My boyfriend’s [24M] co-worker [early20’sF] goes out of her way to do nice things for him and I [21F] feel insecure. What to do?

Forgive me for jumping from one piece of information to the next and then back again. I’m just feeling anxious and also on mobile.

We’ve been together over 2 years.

When I first voiced my feelings about Ashley being very flirtatious, my boyfriend James was understanding. He agreed that she seemed very attention seeking but he denied she liked him in any way. I told him I felt a bit uncomfortable by her but since they have to work together closely on projects, he said he would be careful not to give off the wrong message by accident or whatever.
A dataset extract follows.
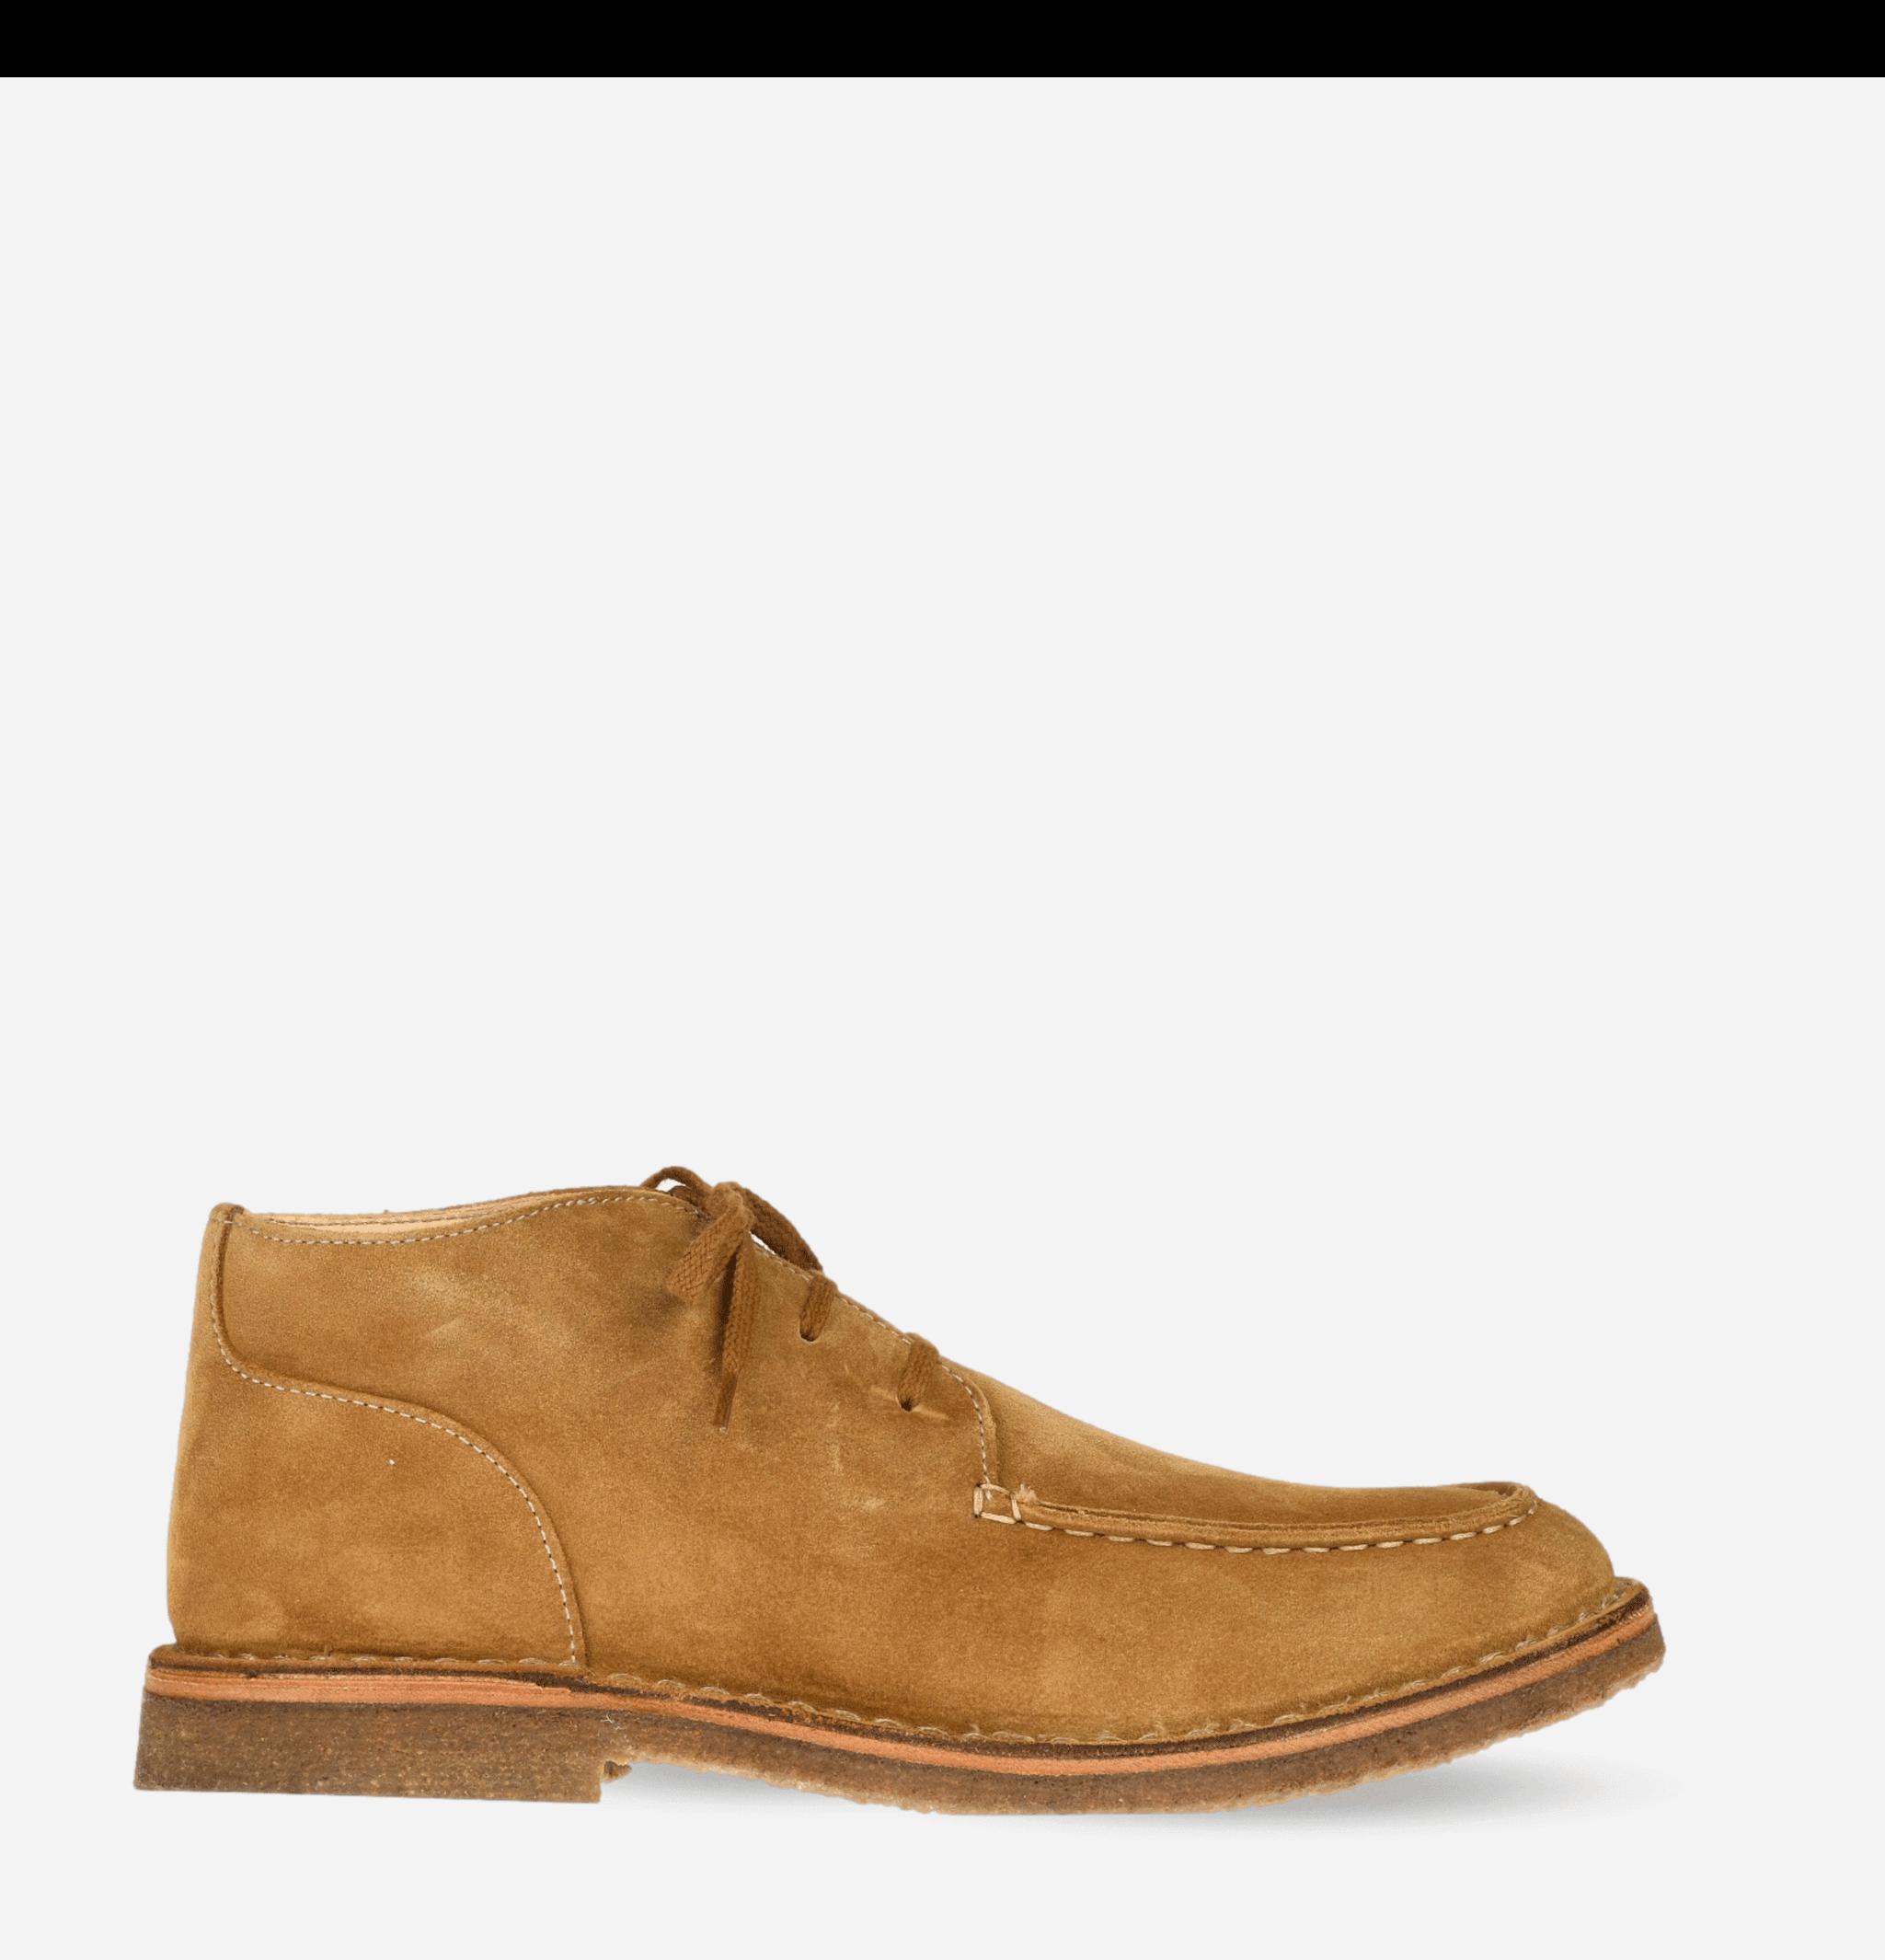 Deuxflex Boots Whisky

Over time, Ashley has been doing really nice things for James. For instance earlier this week, James had scratched his car and Ashley noticed and asked a lot about it and then went to her car to get some supplies to clean the scratch off his car. James said it was a nice thing she did but maintains that ‘she would’ve done it for anyone.’ He says this but she’s come across as very forward - sending a couple fb messages even after she doesn’t get a response, attempting to comb his hair with her brush, showing him her belly to show off a new piercing, complain about her boyfriend being a POS to James, was eager to tell James that she was newly single etc. I mean, I can’t imagine doing these things unless it was to someone I was interested in .. right? Am I going crazy?

I should include that James did not tell me she cleaned his car until I asked him the next day. He said he didn’t want to worry me over nothing, which I guess makes sense. Also, James has told me multiple times that he is not interested in Ashley even if he was single. He said he wouldn’t have to be careful because even if she gets the wrong message, he wouldn’t be interested anyway.

She works in a male dominated field so there are guys everywhere.

I’m worried because I’ve encountered an ‘Ashley’ before in my previous relationship and it ruined everything. Right now, James and Ashley don’t hang or talk outside of work but they do occasionally go on smoke breaks together with another friend of theirs. I’m worried that Ashley won’t respect my relationship and it seems like she’s trying very hard to get close to James but why? If they’re not close friends by now (over 6 months) surely he’s not interested and any normal person would stop right?

Maybe I’m just thinking too much into this? It makes me uncomfortable. What do I do? Should I just let it go? I trust my boyfriend but I know he’s easily influenced. Also, when he and his previous gf were together, a girl kissed him in a club and he didn’t stop it. He says he’s learnt a lot from that now (was 20 at the time), and would never do it again and he’s never given me a reason to not trust him. But I also feel like I’m just waiting to see whether Ashley can sweep him away again like what happened in my previous relationship.

TLDR; boyfriend’s co-worker getting too friendly with him. How to deal?